▶ **Dataset content**
----

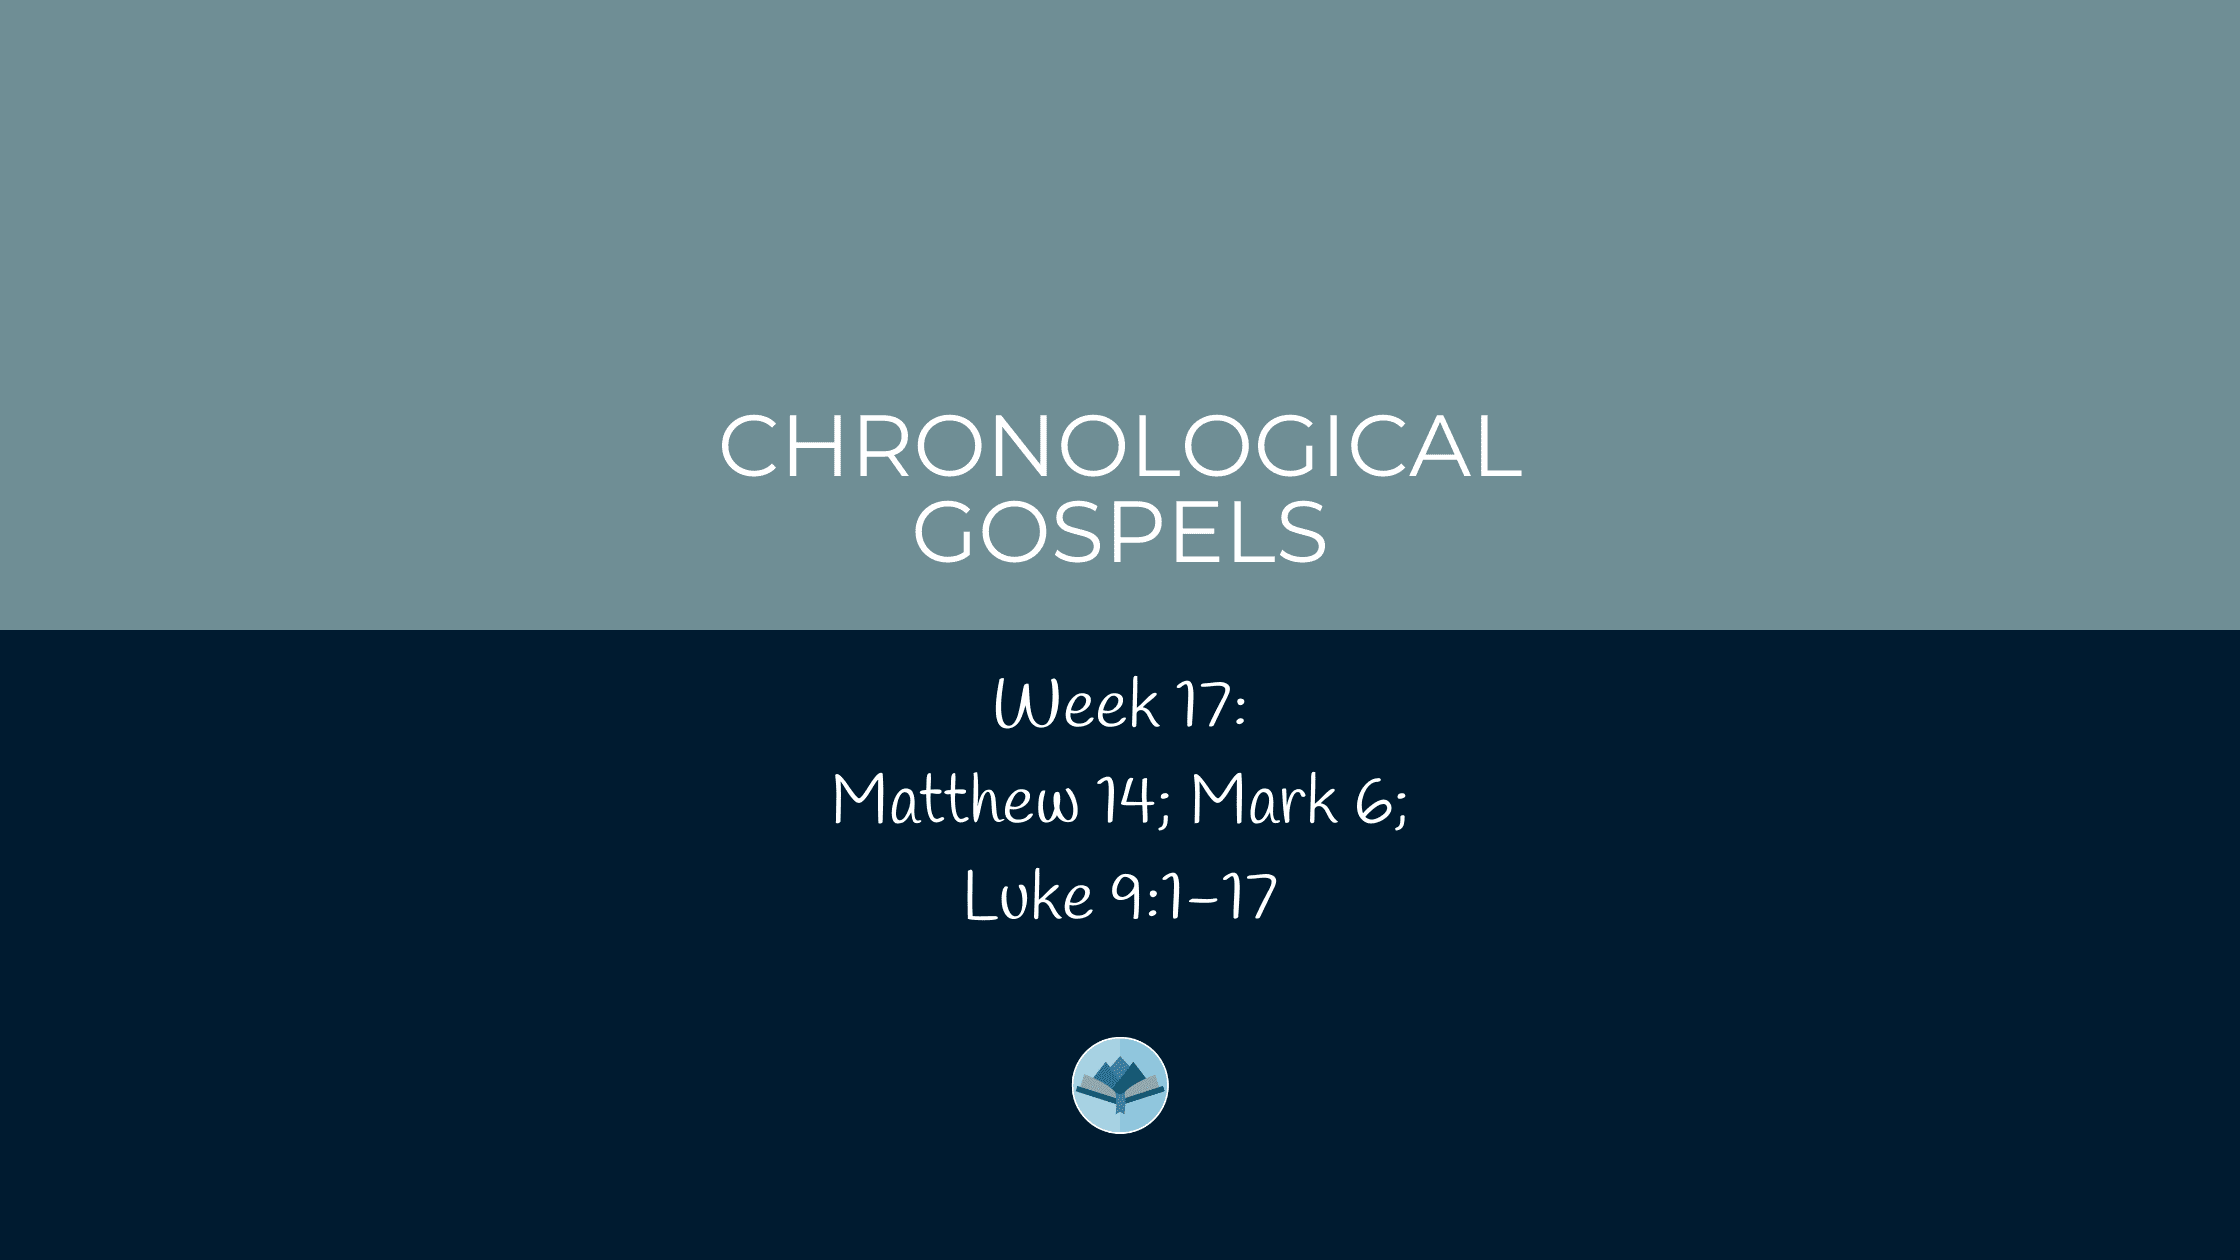 Chronological Gospels Week 17 Matthew 14; Mark 6; Luke 9:1-17
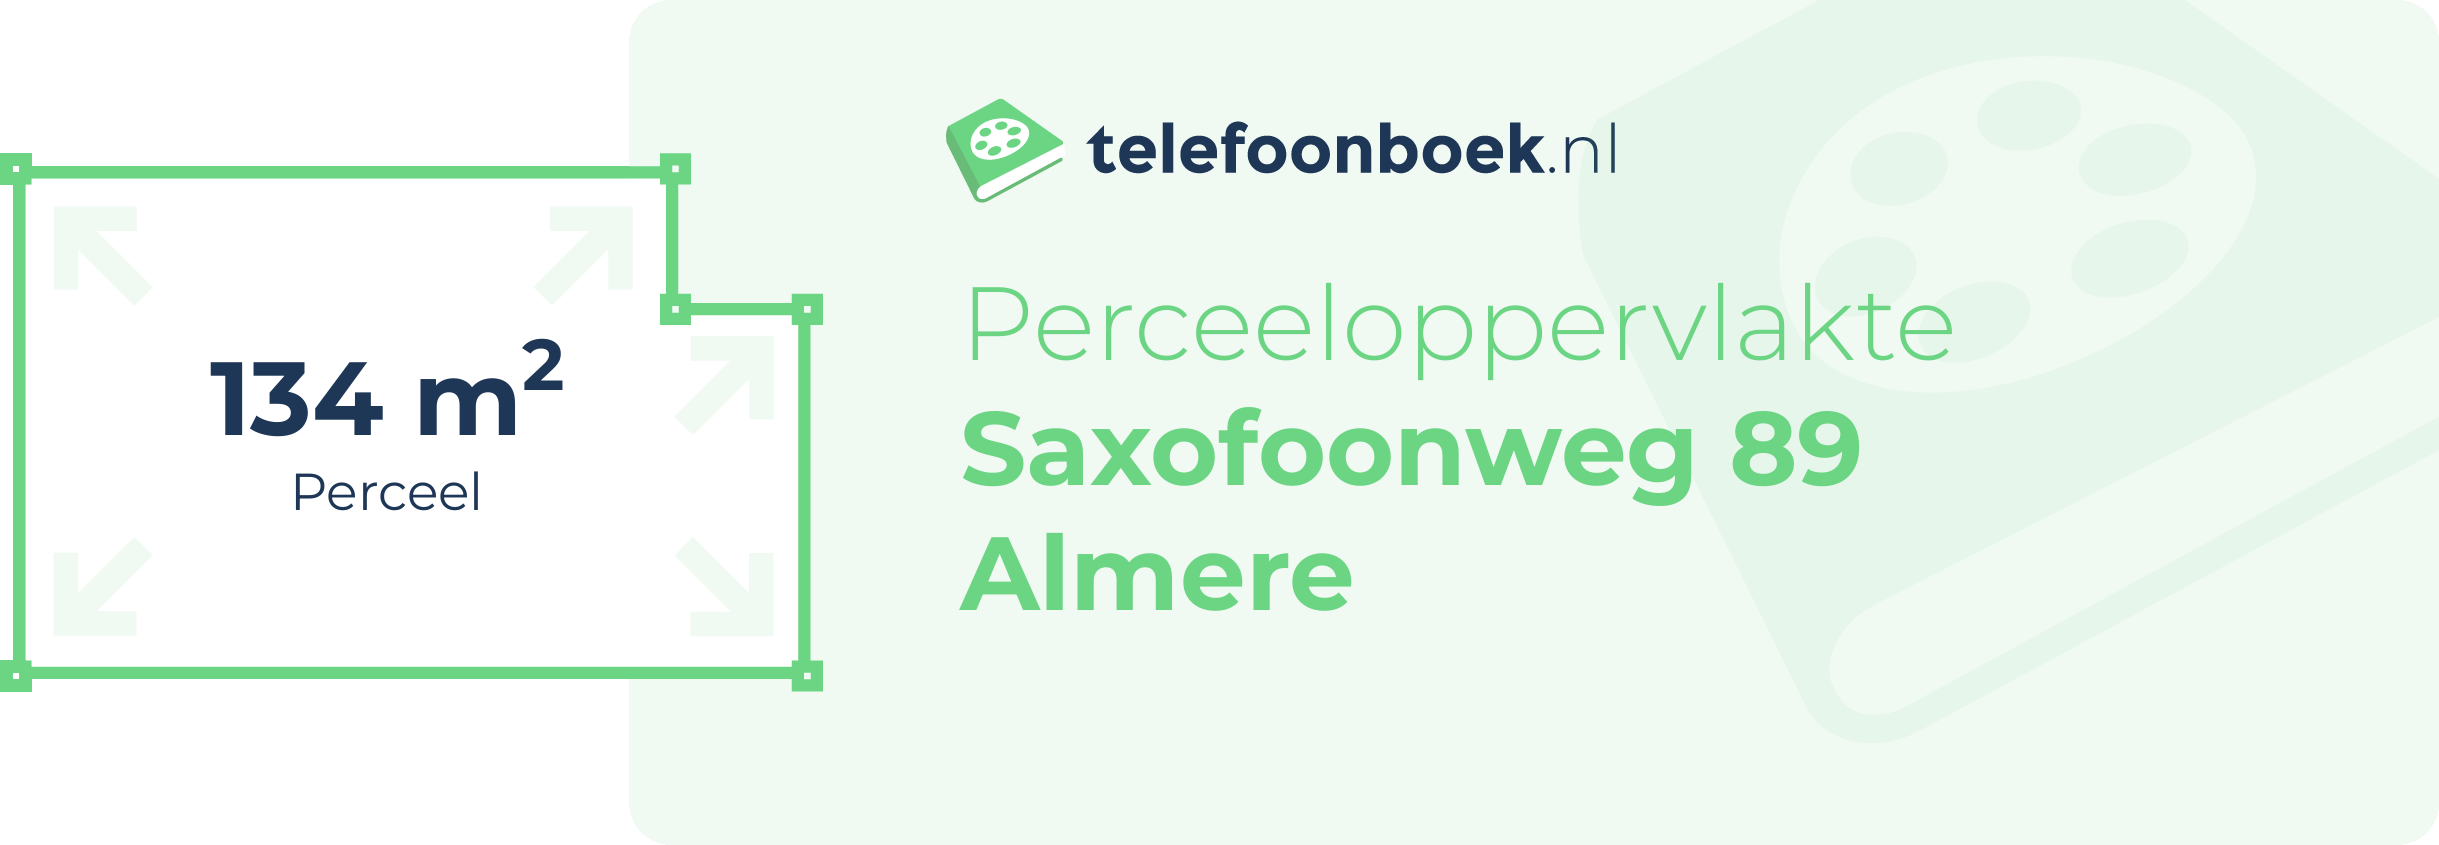 Perceeloppervlakte Saxofoonweg 89 Almere
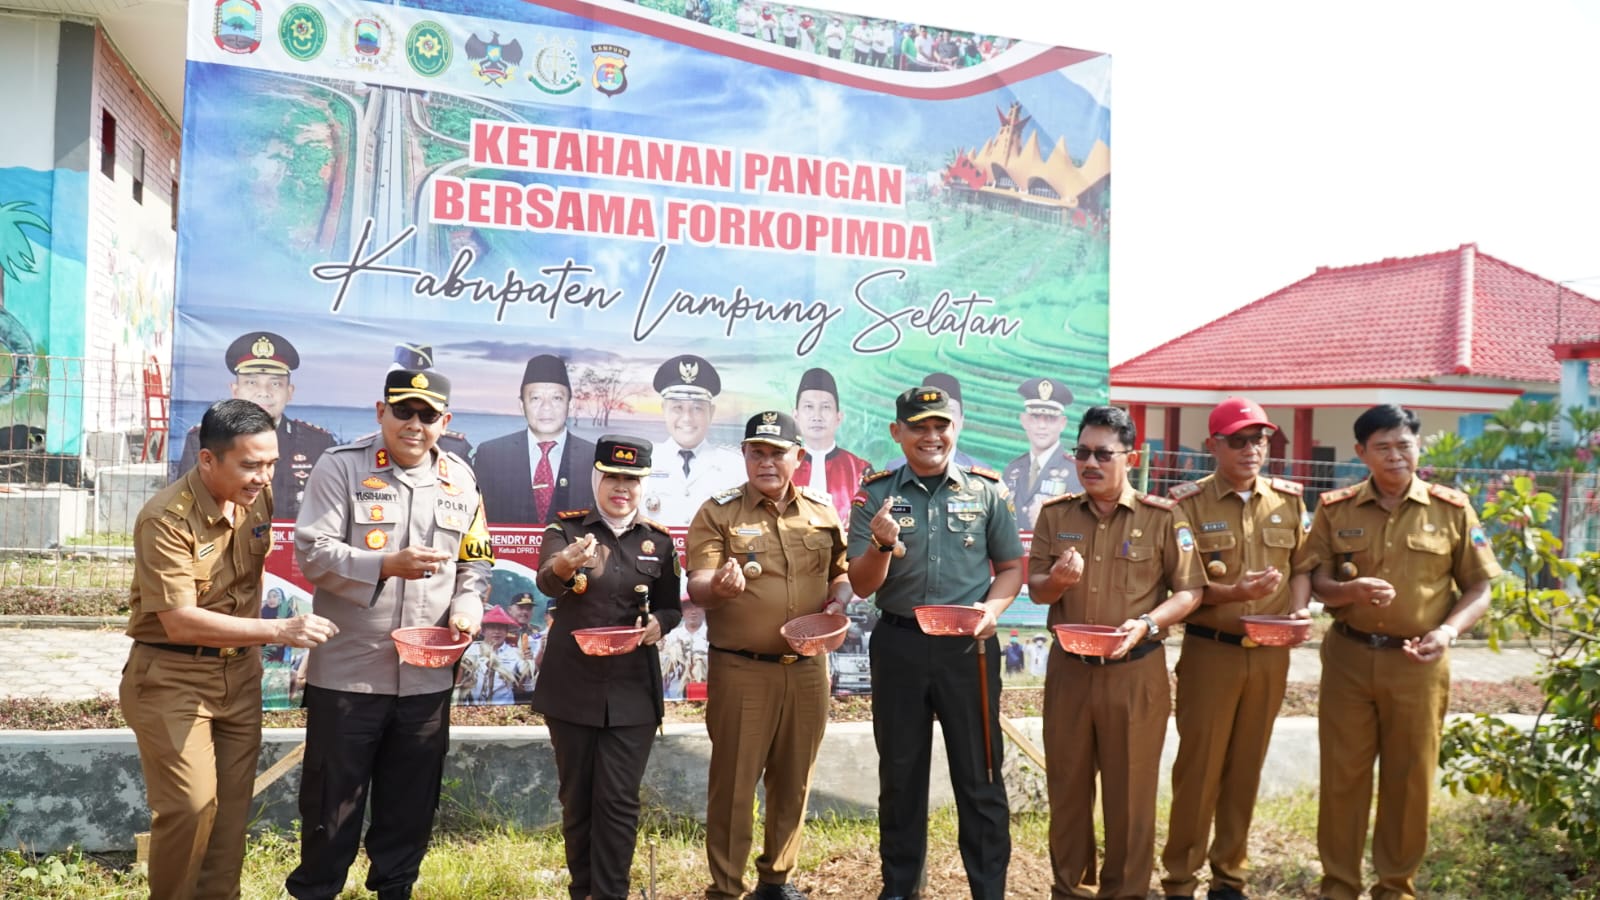 Ketahanan Pangan Bersama Forkopimda Kabupaten Lampung Selatan
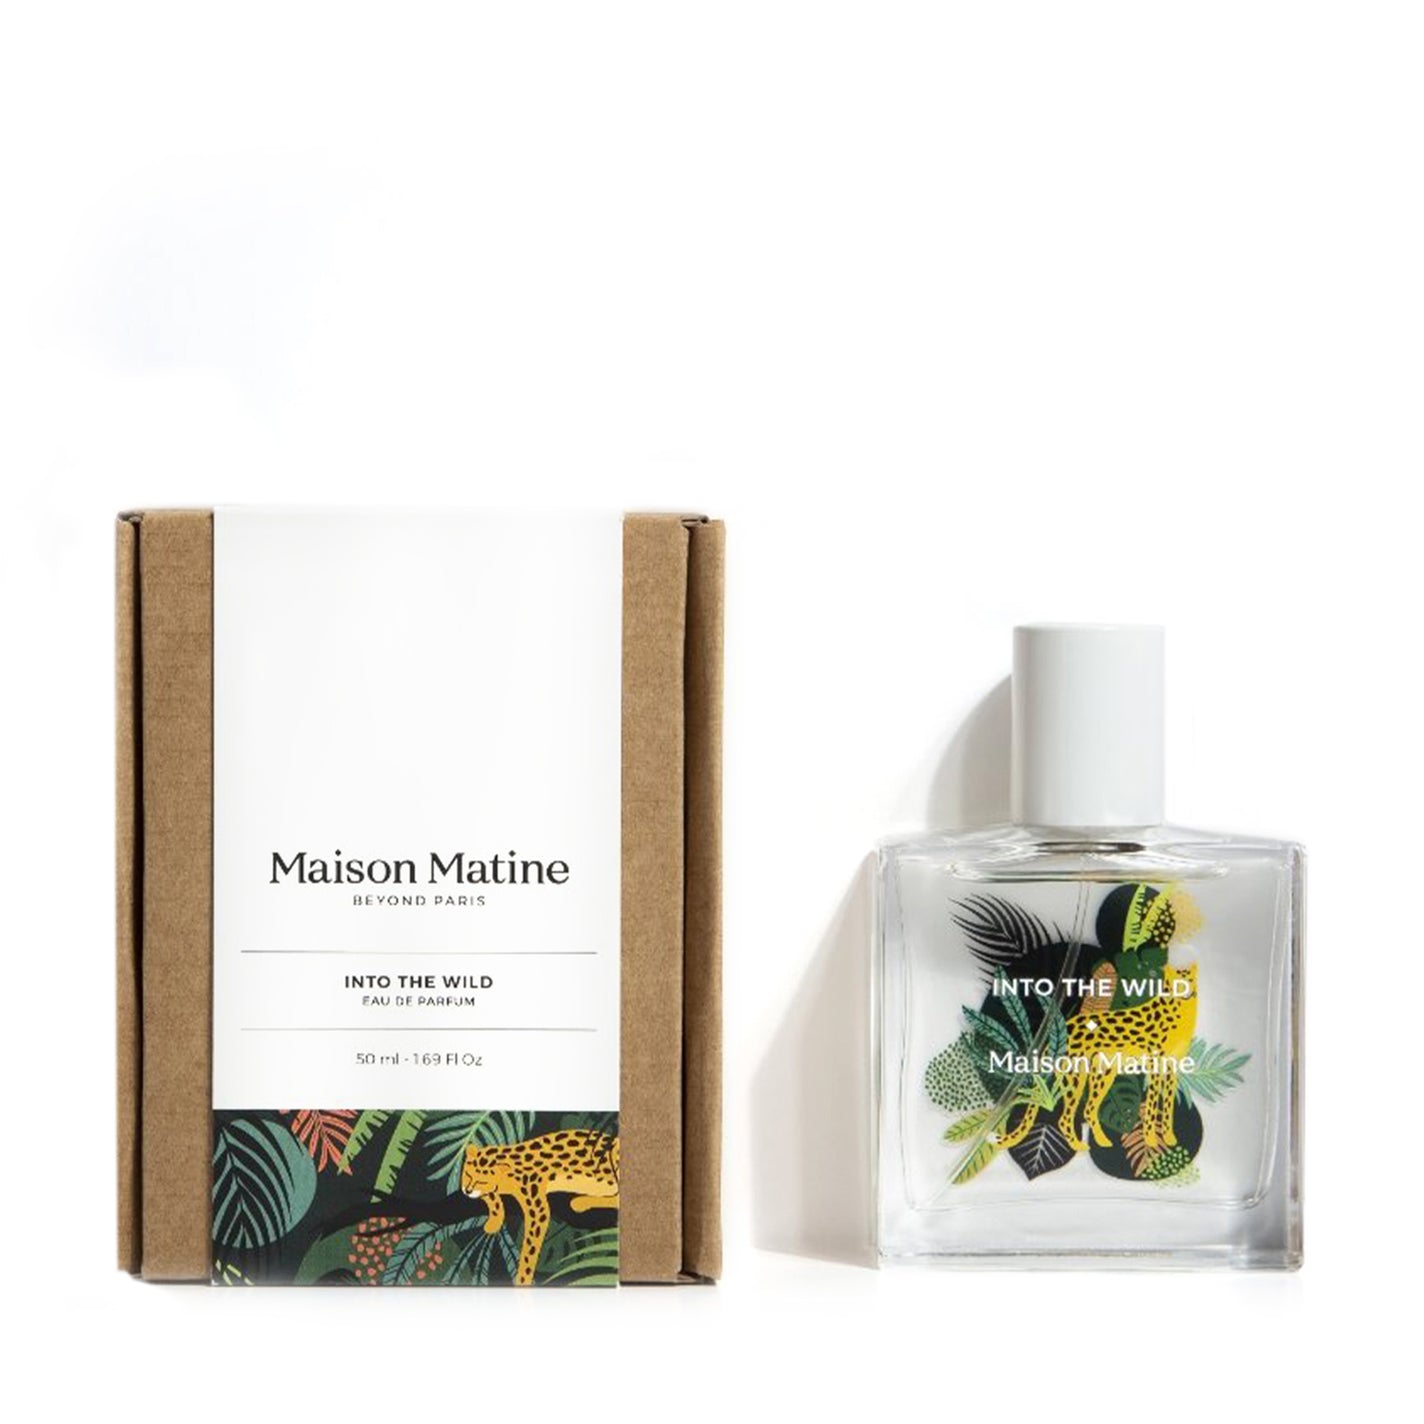 Maison Matine Into the Wild Eau de Parfum - 50ml

----

▶ **Exercise prompt**
Wherever an image sits in the data, omit it; everything else must be copied exactly.

▶ **Reply**
 Chronological Gospels Week 17 Matthew 14; Mark 6; Luke 9:1-17
 Perceeloppervlakte Saxofoonweg 89 Almere
 Ketahanan Pangan Bersama Forkopimda Kabupaten Lampung Selatan
 Maison Matine Into the Wild Eau de Parfum - 50ml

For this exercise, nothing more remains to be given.